Harlow
Legal.
A boutique commercial law firm sitting on 800+ contracts, NDAs, and agreements — all locked in PDFs with no way to query them. We built a document intelligence pipeline using Mistral OCR, OpenAI embeddings, Qdrant, and Gemini RAG that turned the static archive into a searchable knowledge base solicitors can query in plain English.
- Client
- Harlow Legal
- Year
- 2025
- Timeline
- 5 weeks
- Role
- Automation Design & Build
- Stack
- n8n · Mistral OCR · OpenAI · Qdrant · Gemini
800 Contracts.
Zero Ways to Search Them.
Harlow Legal is a boutique commercial law firm specialising in contracts, IP, and employment matters for SMEs and scale-ups. Over several years of practice they had accumulated a substantial document repository — NDAs, service agreements, employment contracts, IP assignments, partnership agreements — stored across email threads, a shared Drive, and a file server.
The problem wasn't that the knowledge didn't exist. It was that no one could access it quickly. Researching precedents, checking a counterparty's prior agreements, or finding every contract with a specific governing law clause required manual browsing — opening documents one by one, reading through them, closing them. For a high-volume commercial practice, 30–45 minutes of research time per question was unsustainable.
Four Problems
Before a Solicitor Could Answer a Question.
No cross-document querying
Every research question required opening individual documents. Finding all contracts where Harlow was the governing-law jurisdiction, or every NDA signed with a specific counterparty, meant trawling through email and Drive manually. There was no way to query the archive as a corpus.
Scanned documents were invisible
Roughly 30% of the archive consisted of scanned PDFs — signed agreements, faxed documents, older contracts. These were unsearchable by any file-level tool. They existed in storage but were effectively inaccessible unless someone opened them and read them manually.
Knowledge siloed per solicitor
Institutional knowledge about what terms the firm had agreed to, which counterparties had specific risk preferences, and what precedents existed lived in solicitor memory — not in any queryable system. When a solicitor left or a matter changed hands, that knowledge walked out with them.
Research time destroying billable capacity
Preliminary document research — before any substantive legal work — was consuming 30–45 minutes per question. At several questions per matter per week, research overhead was eating a significant portion of the team's billable capacity before any advice was given.
Core insight: the lawyers already owned the knowledge. It was trapped in PDFs. The task wasn't to generate new information — it was to make the existing archive queryable. That's a retrieval problem, not an AI problem.
Four Principles
That Shaped the Architecture.
RAG for legal documents carries specific constraints that differ from general document Q&A. Source attribution, scanned document handling, and query mode flexibility were agreed before any build began.

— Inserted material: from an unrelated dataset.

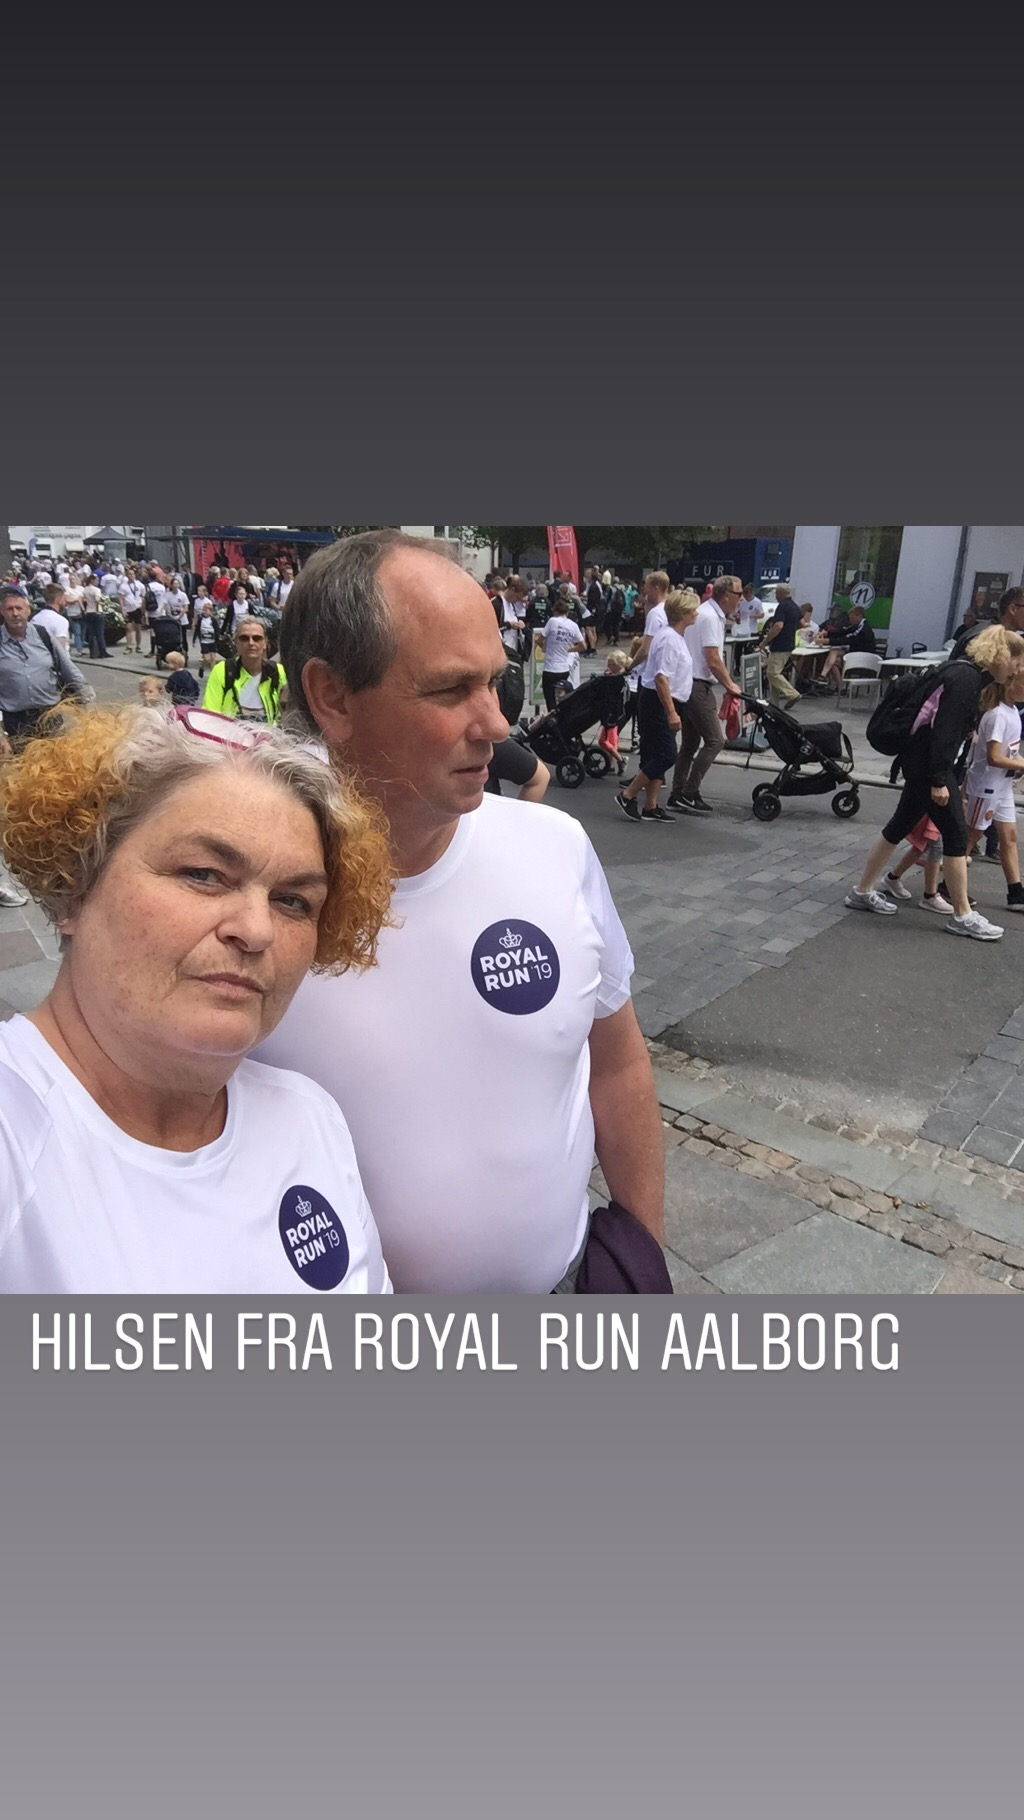 royal-run-2019-aalborg_48037384008_o

OCR as a first-class step, not a fallback
30% of the archive was scanned. Rather than treating OCR as an edge case, Mistral's document-native OCR was built into every ingestion run — all PDFs pass through it, regardless of whether they appear text-selectable. Mistral's model handles multi-column legal layouts, tables, footnotes, and signature blocks that generic vision APIs mangle.
→ Processing all documents through OCR rather than branching on file type removed a significant source of downstream noise — different text extraction quality for different documents.Chunk overlap to protect clause integrity
Legal clauses don't respect page breaks. A termination provision can start on page 7 and continue on page 8. Token Splitter was configured with chunk overlap large enough to ensure no clause was split mid-sentence across chunk boundaries — at the cost of slightly larger index size, which was an explicit tradeoff.

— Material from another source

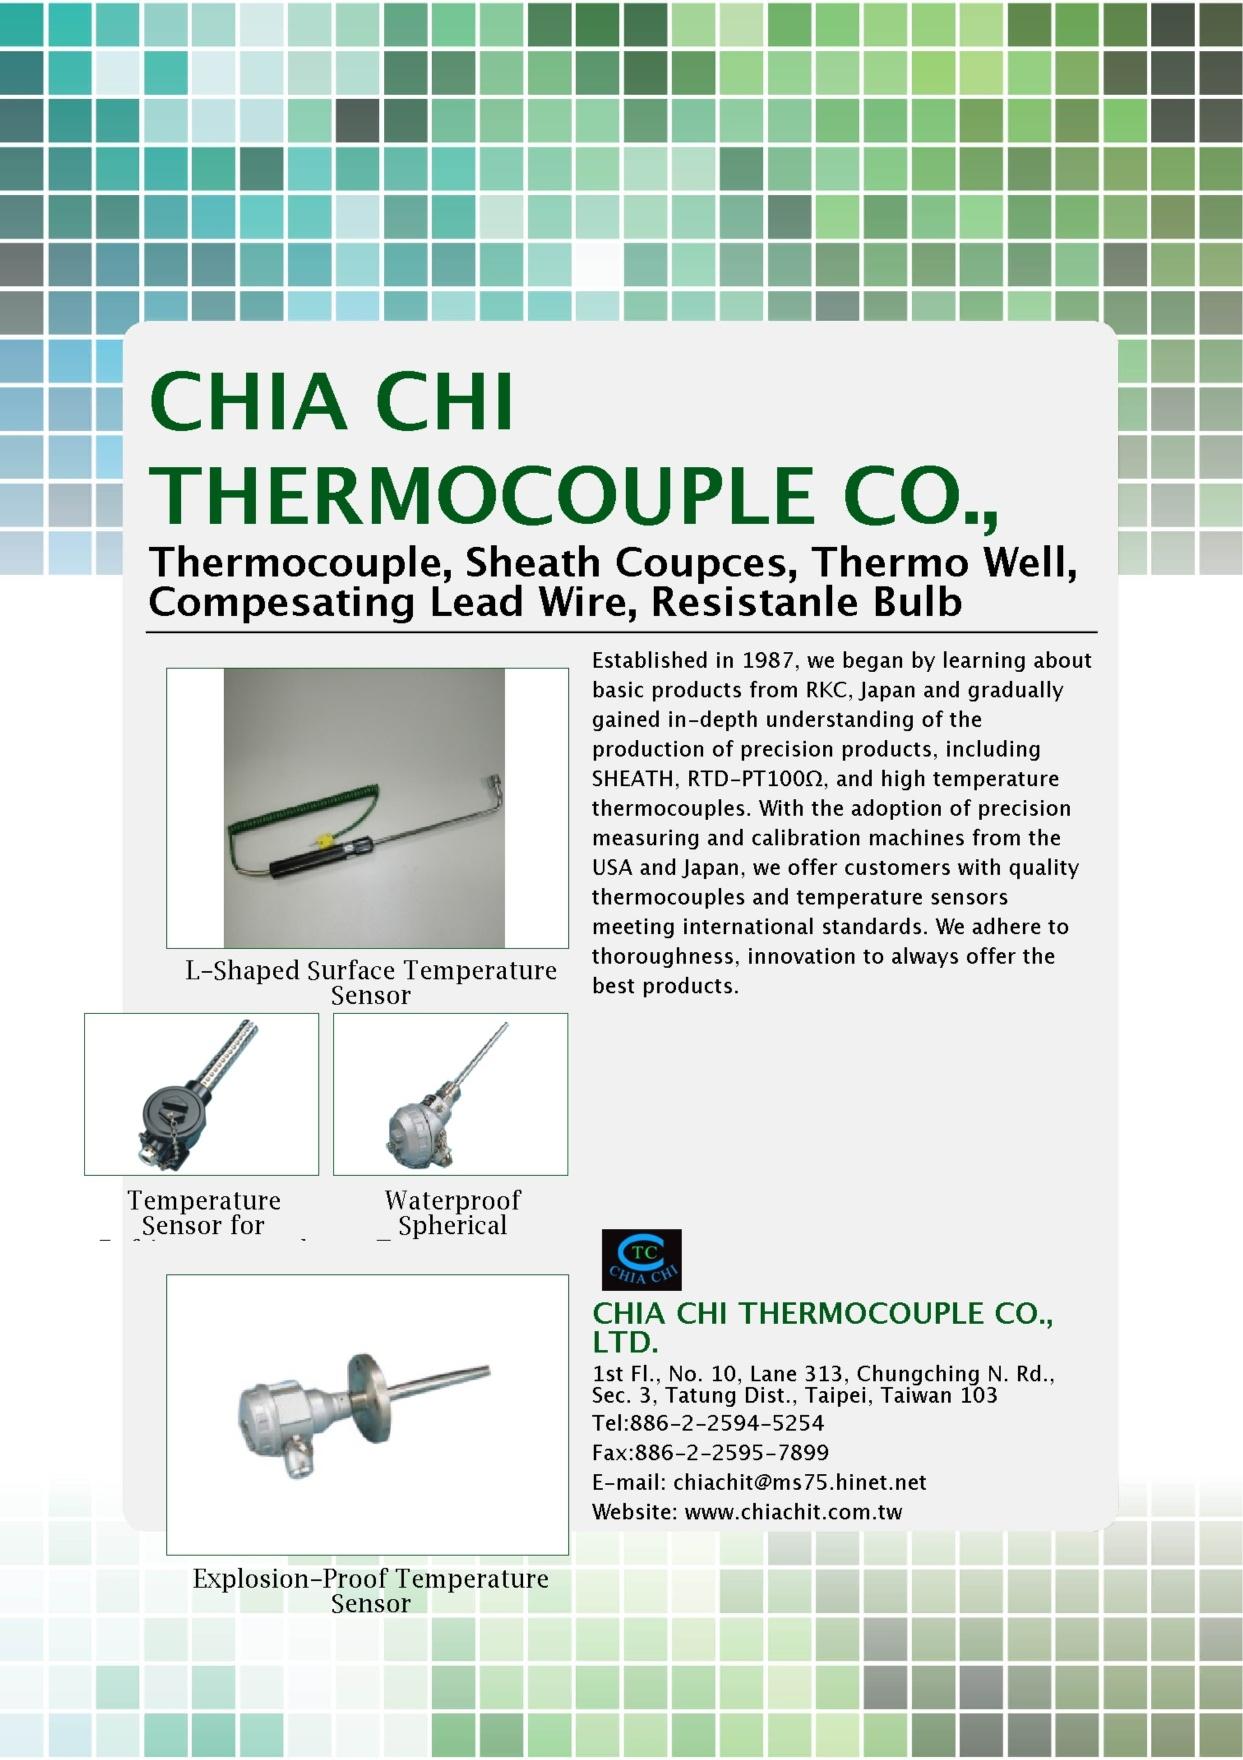 Electronics & Computers E-Magazine CHIA CHI THERMOCOUPLE CO., LTD.

→ A missed overlap setting in week one caused the system to return half a limitation-of-liability clause. The chunk overlap was doubled. Accuracy requires conservative chunking.Source citation in every answer
Every Gemini response includes the source document name, page number, and a direct link to the original PDF in Drive. Solicitors cannot rely on an answer without being able to verify it. The RAG pipeline was designed so that every response is traceable — a citation isn't a nice-to-have, it's the trust mechanism that makes the system usable in a professional context.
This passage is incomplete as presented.